Could your brand be costing you money?
That’s a question we often ponder when we’re assessing a prospect’s brand. If their brand’s design and messaging is pointing in the wrong direction – even by a relatively small margin – they could be attracting the wrong type of customers, or even worse, turning them away altogether.
But before I dive deeper into that issue, I would like to introduce you to our Brand Bites series of articles – of which this is the first. Through this series, I aim to give you some insight into how branding should be helping (and certainly not hindering) your business growth and provide a set of thought-provoking questions to ask of yourself and your brand.
Costing me how?
Right, back to the question I posed in the headline. There are many reasons why your brand may be off-point and costing you money. Here are a few of the common causes we tend to come across:
- A brand design was never established at the start. Some start-ups grow quickly, often due to the value of the offering or the charisma of the CEO, and perhaps investing in brand design was not a priority at that early stage.
- The business has changed. It’s not unusual for a company to change direction or philosophy, especially in the early days, when it’s finding its place in the market. A classic symptom we often see is a brand that doesn’t communicate what the business is doing now, but what it was doing five years ago.
- The positioning has shifted. A brand’s main purpose is to connect a business with its ideal customers. If you are now targeting a different client profile and your brand is not reflecting this, you will be losing out on sales.
- The brand is looking tired. Sometimes the business owner is, frankly, fed up with sight of their brand. Sometimes even embarrassed by it! It’s so important that your brand gives you confidence when selling to potential clients. If you are faced with this situation then swift remedial work is needed.
On a positive note, many of these causes are common side-effects of a healthily growing business. If you can get the branding back on-track, you could unlock even more of the business’s potential by attracting better quality customers in higher numbers.
Have a think… Do any of the above statements ring true with your business?
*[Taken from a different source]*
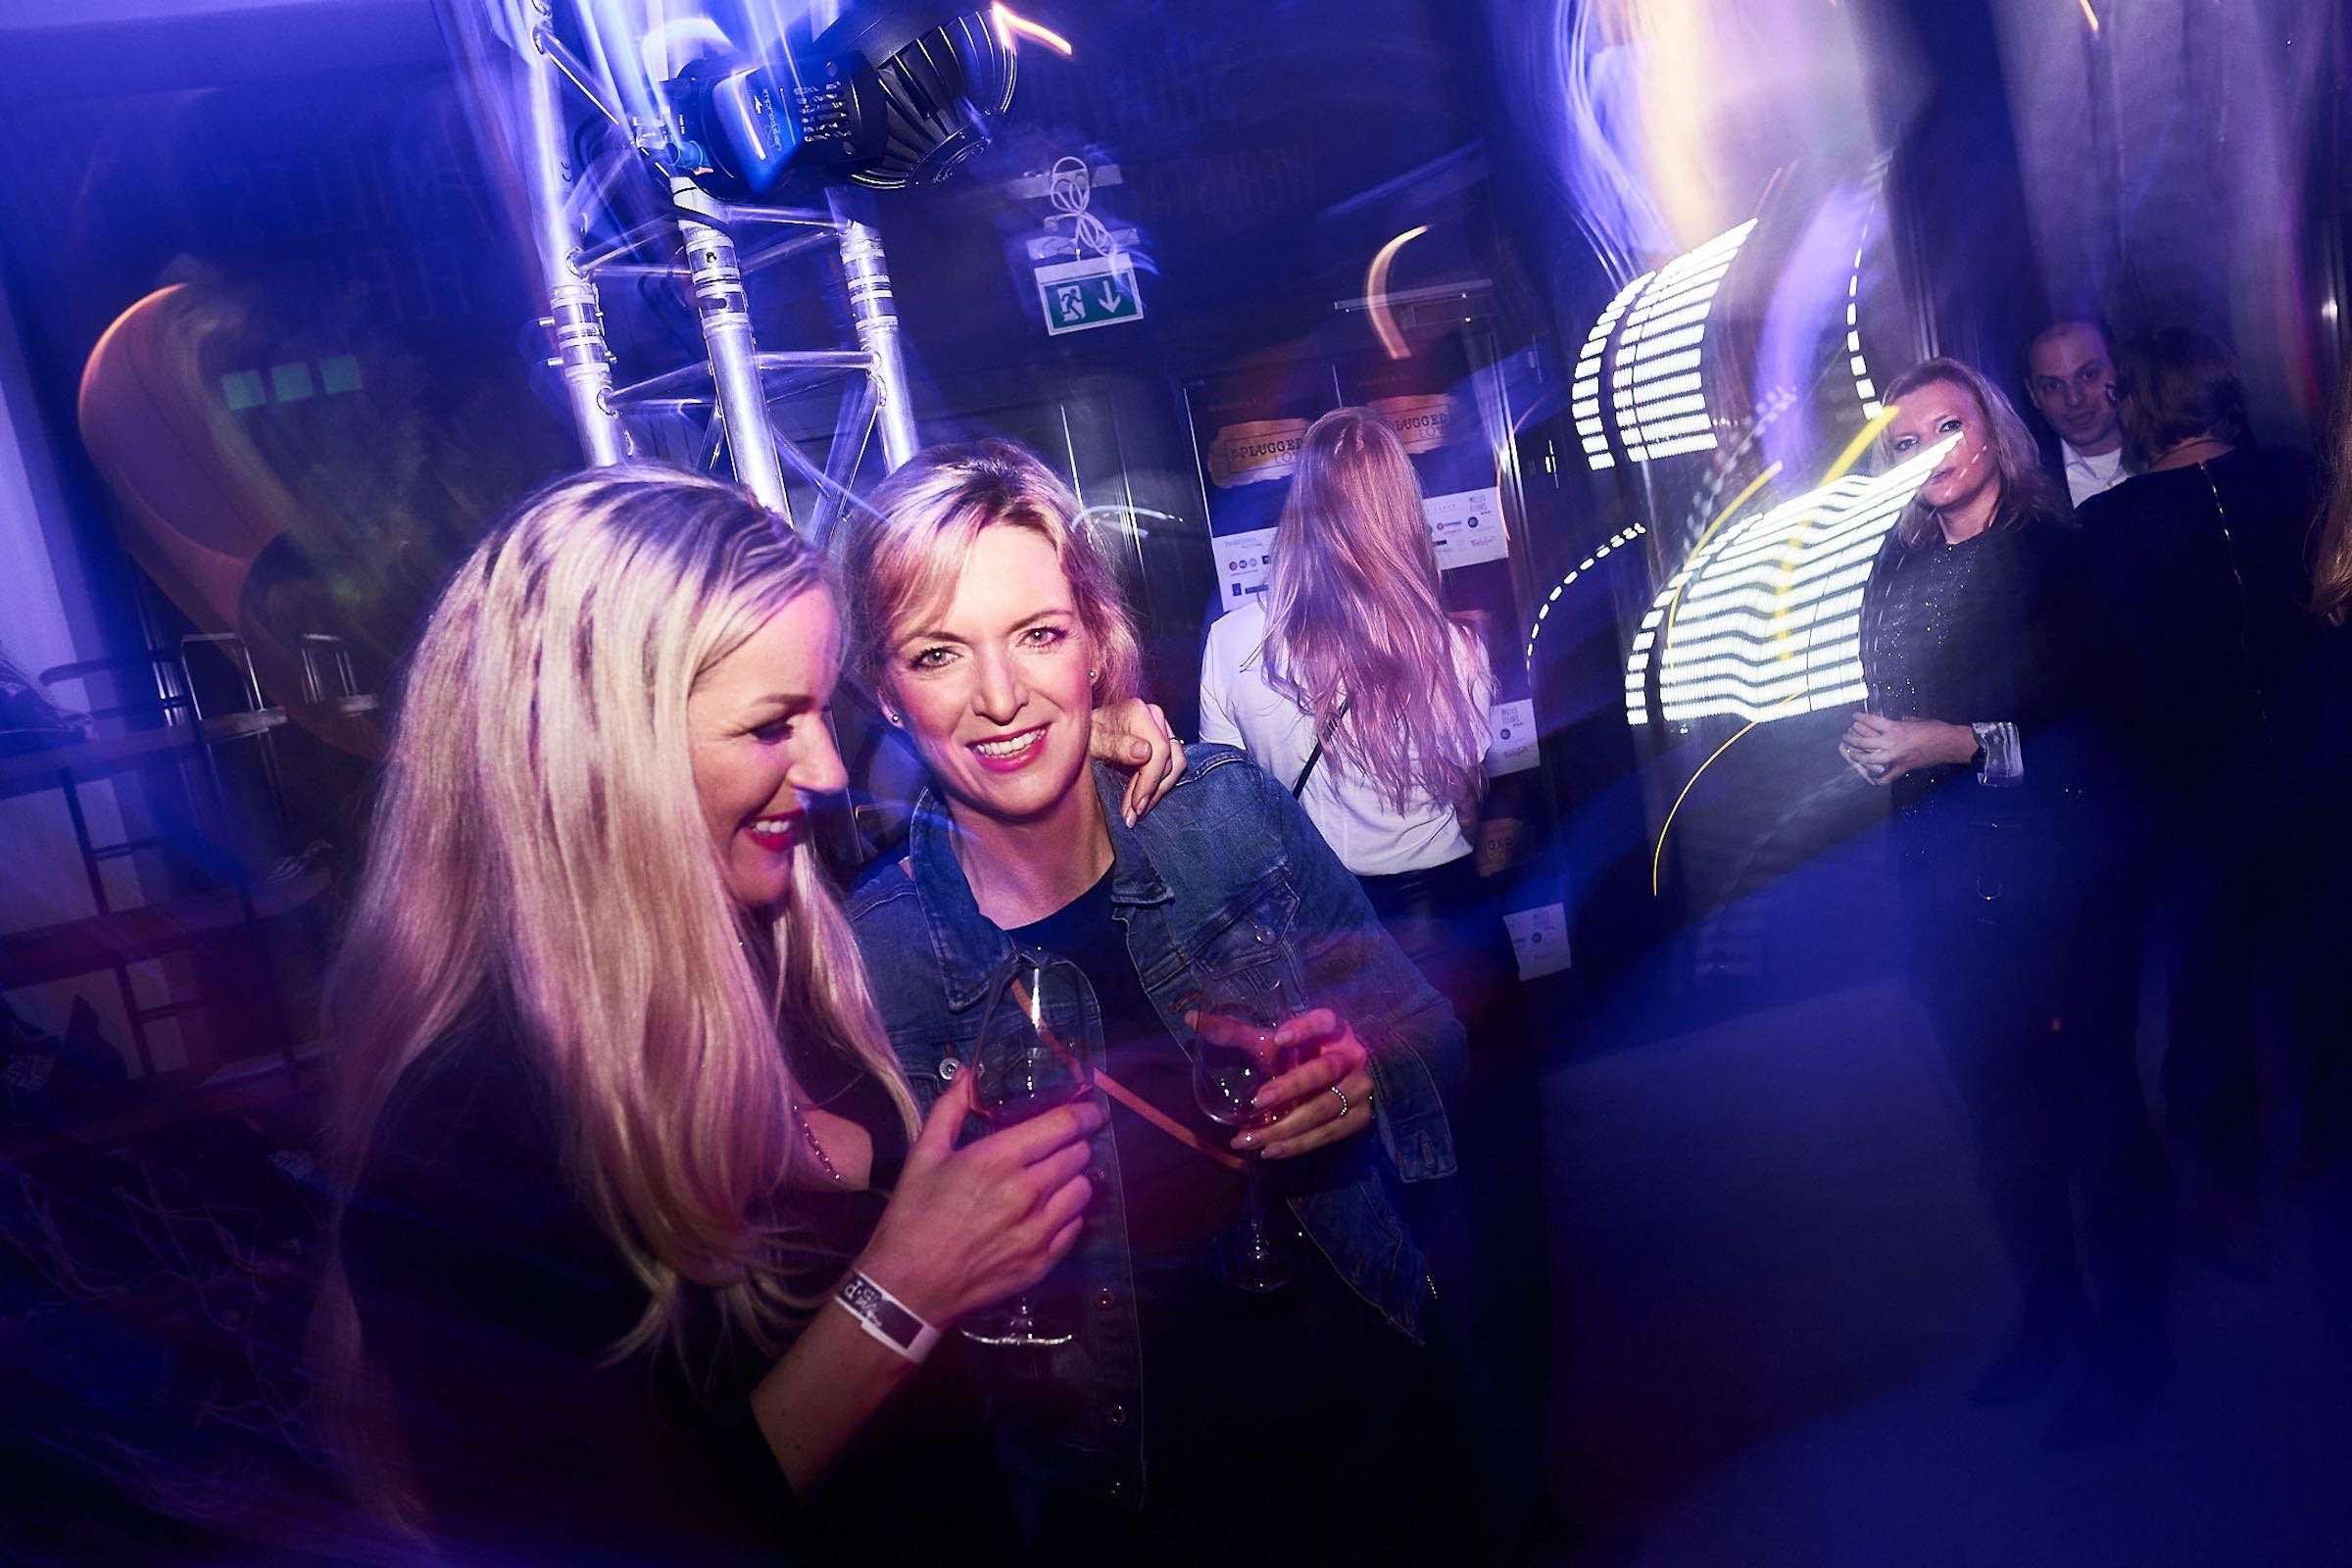 DJ | Hamburg | DJ | Messe | Hochzeits | DJ | Firmenevent | Hamburg | Firmenfeier | DJ | Geburtstag | DJ | Weihnachtsfeier | DJ | Sommerfest | Buchen | Mieten | Hamburgfeiert

If so, you really must assess the situation and start to work out what remedy is required.
What’s the problem?
Here are some questions to ask about your brand:
- Does it clearly convey what the business does? A classic gremlin. It’s simply not obvious what you do and who you do it for.
- Does it clearly convey what your business does better? Does it communicate to your prospects why they should be using you and not a competitor?
- Is it consistently applied? Brands with consistent branding expect to earn 23% more annual revenue than the brands that are inconsistent1. Visual style of your website, for example, entirely different to that of your social media?
- Is your brand’s language flawed? For example, does it focus on cost instead of benefits, or “how” instead of “why”.
- Is your brand’s tone-of-voice off target? Is the brand speaking to a hip, millennial audience when your customers tend to be middle-aged office workers?
- Is the visual style resonating with the audience? Your brand’s visual style needs to strike the right chord with your target client persona. If it doesn’t, you can be sure a competitor’s will. Since this is a bit more tricky to assess by yourself – involve colleagues, clients and other trusted third parties in your examination.
- Is your competition’s brand looking much smarter? Keeping up with the Jones’s isn’t good enough – you need to out-smart them! If your brand is lagging behind and most other factors are equal, then you’ll really be losing out on those ideal customers.
- Is your logo as good as it could be? Time and again, your logo has to single-handedly speak up for your business. And given that it takes anywhere from 5 to 7 impressions for consumers to recognise a logo2, it can’t be letting the side down. If it’s looking a bit out-of-date or the strapline is not working hard enough, be prepared to fix it.
Becoming aware of the problem is the first step. The next step is to work out the best treatment. But whatever you do, don’t not try and make these assessments on your own. You’re unlikely to be aware of your biases and assumptions, so it’s vital that you get input from trusted colleagues or associates, inside and outside of your business, and ideally from outside of your sector too.
Carry out an analysis of your competitor’s brands to find out what else is happening in your sector, what your competition is doing well and what you could be doing better.
If you’ve found some issues, bring in a brand design agency (apologies for the shameless plug!) to work out the best treatment and advise you of the best steps to turn your brand design into a highly-functioning extension of your sales team.